| CITATION
Annual Diakonia Award
awarded on 14th August March 2008
to
Fr Michael Lapsley, SSM
“All people share responsibility for the past of their countries and all people have a responsibility for creating a different kind of future. In the Judaeo Christian tradition we go so far as to make the bold claim that all human beings are made in the image and likeness of God. Furthermore, for those of us who are Christians, we are the followers of the tortured one. We follow Jesus who said “As you did it to one of the least of these my brothers and sisters, you did it to me.” This is a quote from Fr Michael’s address at the Second Michael Hirschfield Memorial Address, delivered in Wellington, New Zealand on December 4, 2000.
Father Michael Lapsley was born in New Zealand and was ordained and joined the religious order, the Society of the Sacred Missions, in Australia. In 1973 he arrived in Durban as an undergraduate student and shortly thereafter, as a young Anglican priest, he became chaplain to both black and white students at the very height of apartheid oppression. Then came 1976, the year of the Soweto uprising, in which many black school children were shot and killed. As National Chaplain, Father Michael began to speak out on behalf of students who had been shot, detained, and tortured. In September of the same year, he was expelled from the country.

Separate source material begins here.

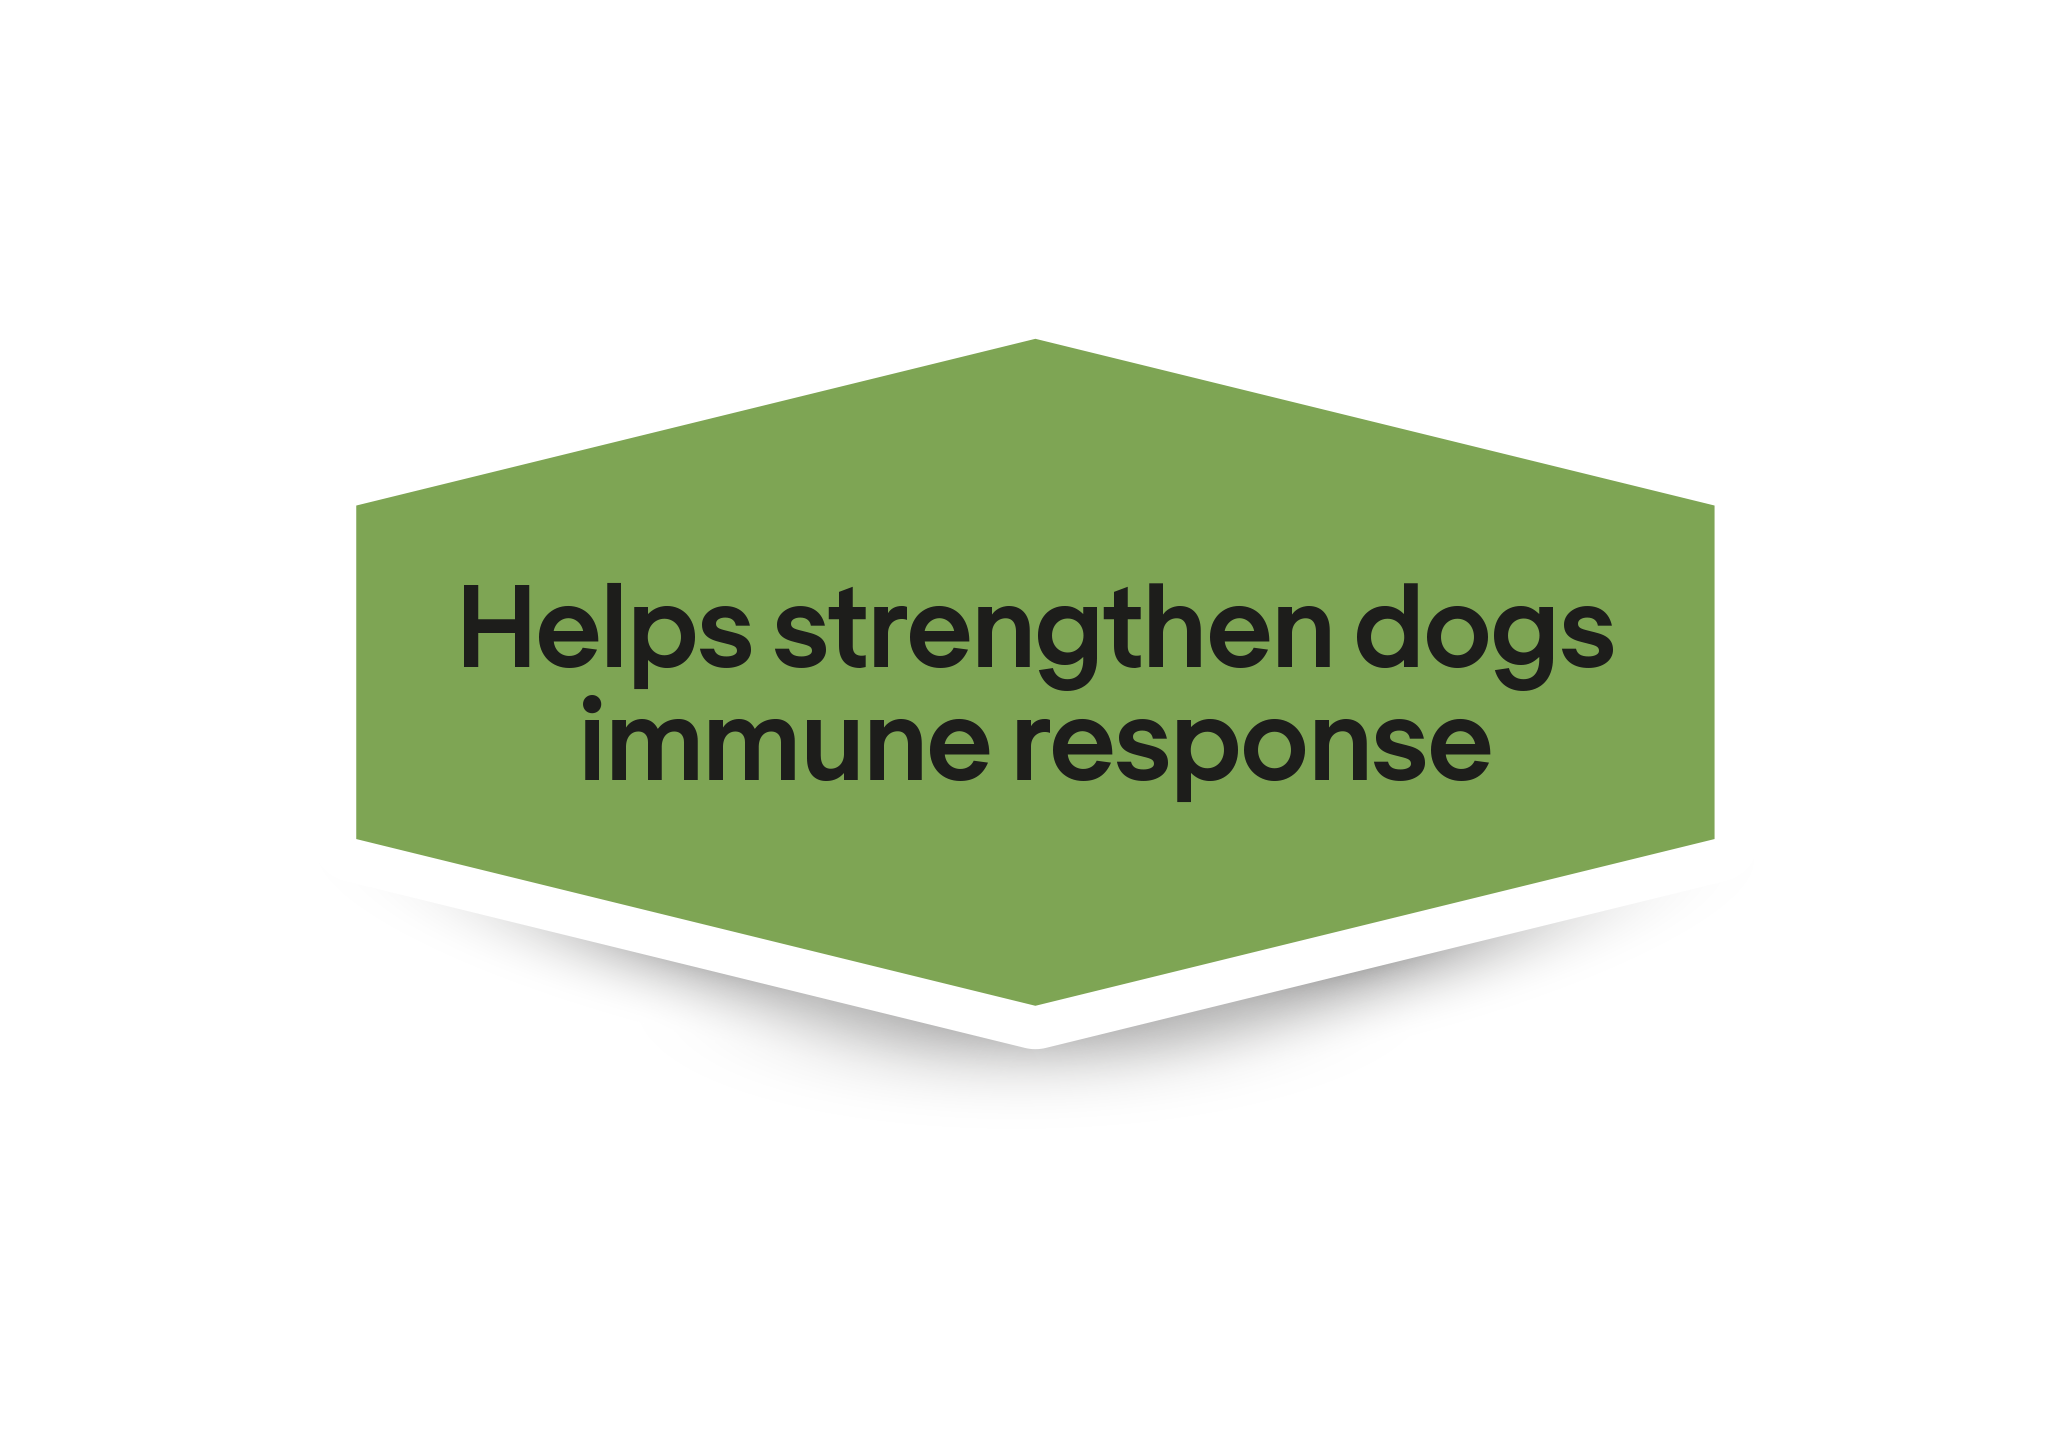 Βοηθά στην ενίσχυση της ανοσολογικής απόκρισης των σκύλων

He went to live in Lesotho where he continued his studies and began a new journey as a member of the ANC and chaplain to the liberation movement in exile, travelling the world to mobilize particularly the faith community to oppose apartheid and support the struggle for freedom. After the Maseru Massacre in 1982, he moved to Zimbabwe and it was here that in April 1990, 3 months after Nelson Mandela's release from prison, he was sent a letter bomb from South African operatives, hidden between two Christian magazines. In the blast, he lost both hands, the sight of one eye, and was seriously burned. In his own words Fr Michael recalls that “the irony is that the only automatic weapon I have ever used is my own tongue. They eventually took away my hands and left my weapon reasonably intact.”
Fr Michael’s journey towards healing now took a new turn. Returning to Zimbabwe after his convalescence in New Zealand, he remarked to his Bishop that he thought he could be more of a priest with no hands than with two hands. “My brokenness” he said “is visible; for most people it is invisible”.

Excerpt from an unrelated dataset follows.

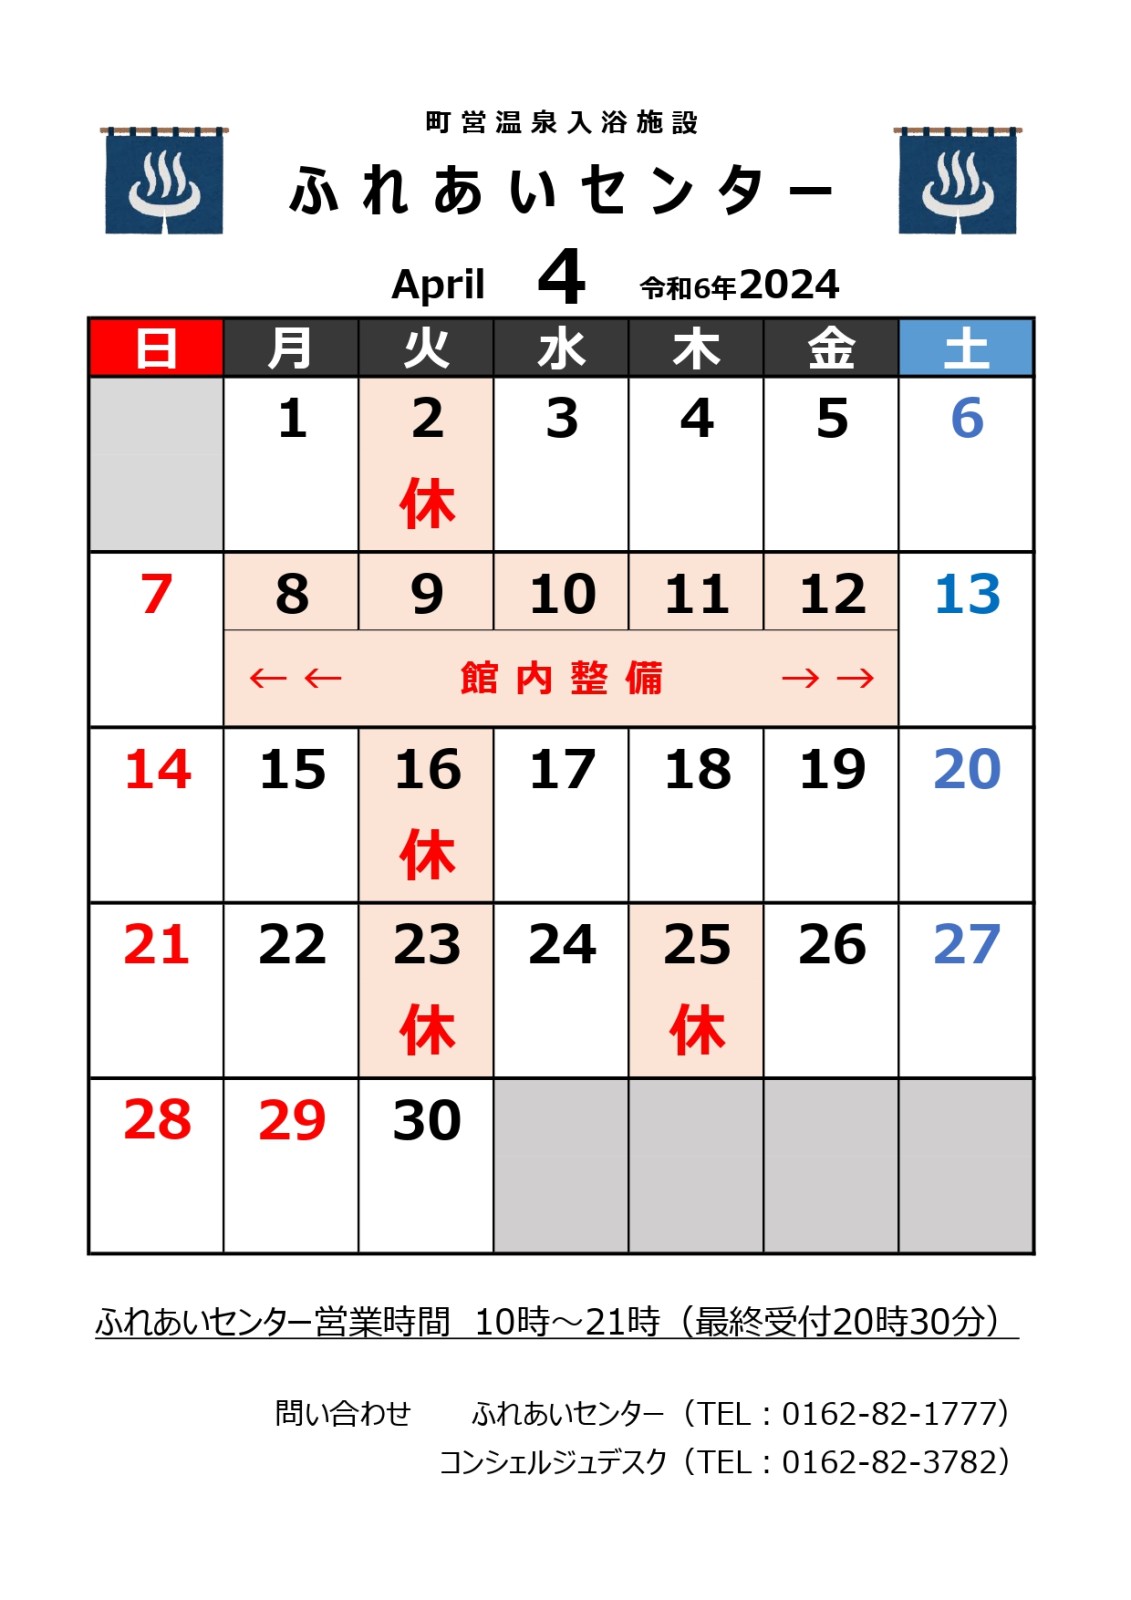 【ふれあいセンター】4月の営業について
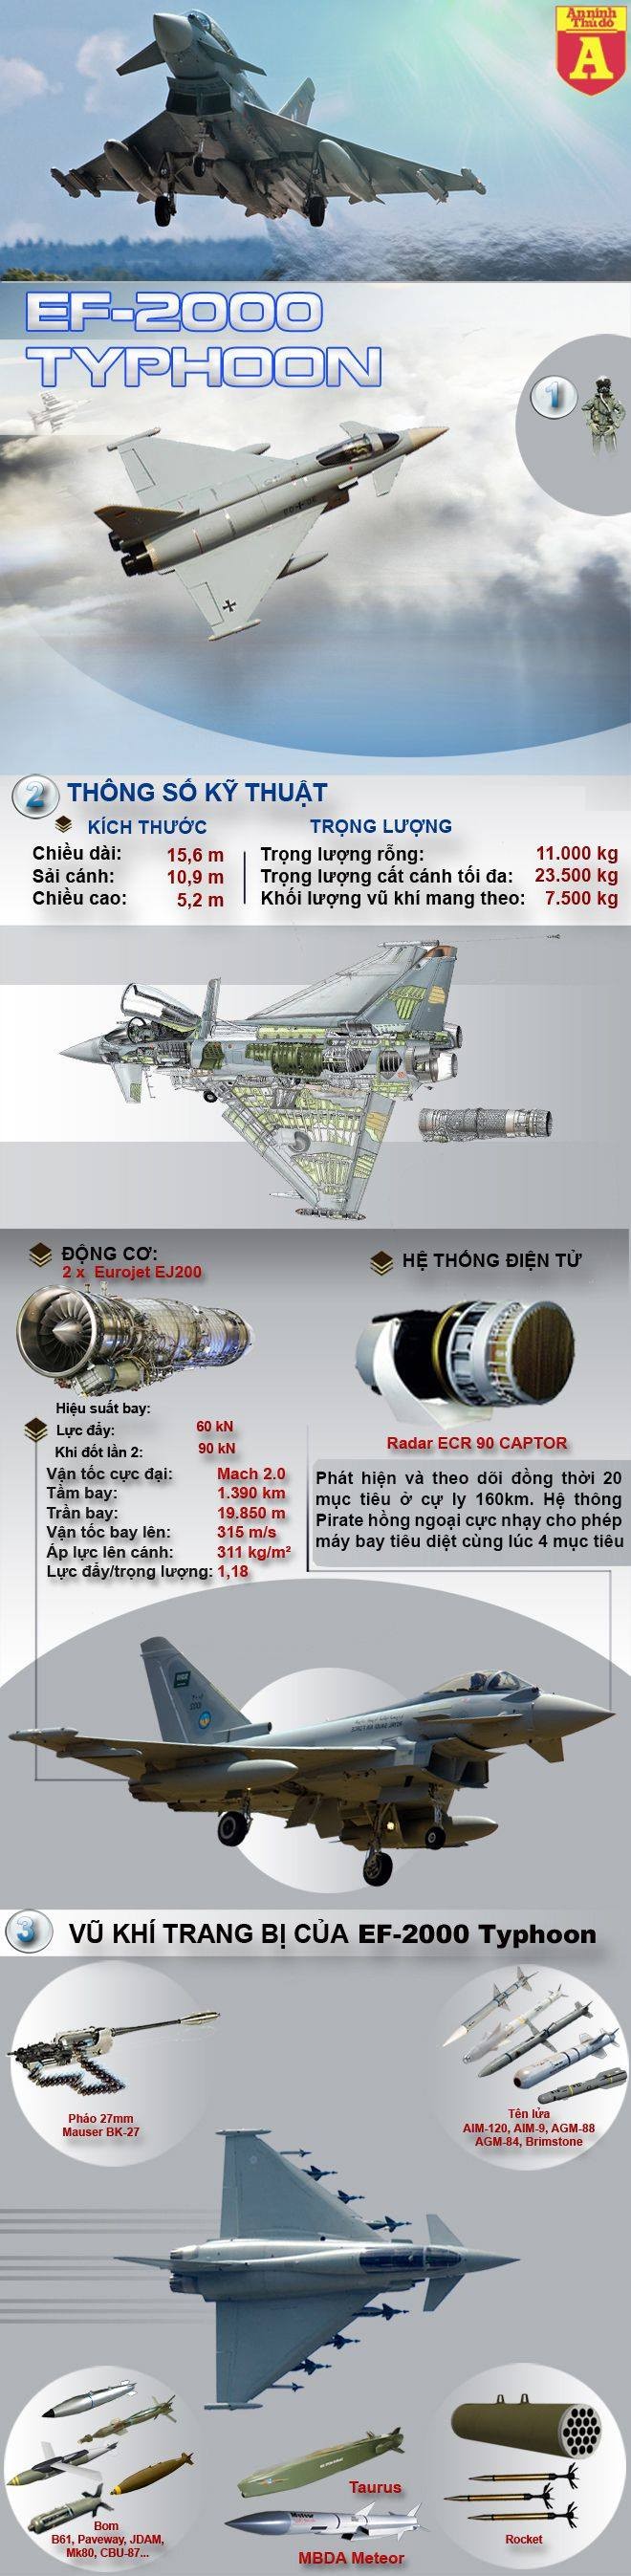 [Infographic] Sức mạnh chiếc tiêm kích mà Trung Quốc tung tin đồn "Việt Nam đã mua" ảnh 2

In 1993 Fr Michael became Chaplain of the Trauma centre for Victims of Violence and Torture in Cape Town. His work lies in the field of the healing of memories – creating safe and sacred spaces where people can begin the journey of acknowledging and letting go of that which is destructive inside them and taking from the past that which is life giving – in other words, redeeming the past. This led to the establishment, in 1998, of the Institute for Healing of Memories in Cape Town, and more recently in Natal, where the work focuses on the effects of the political violence in this province, as well as the stories people tell who are affected and infected by HIV and AIDS. Opportunities have also been created for refugees and asylum seekers in our midst to be heard – the stories of the wars on our continent and of our own xenophobia.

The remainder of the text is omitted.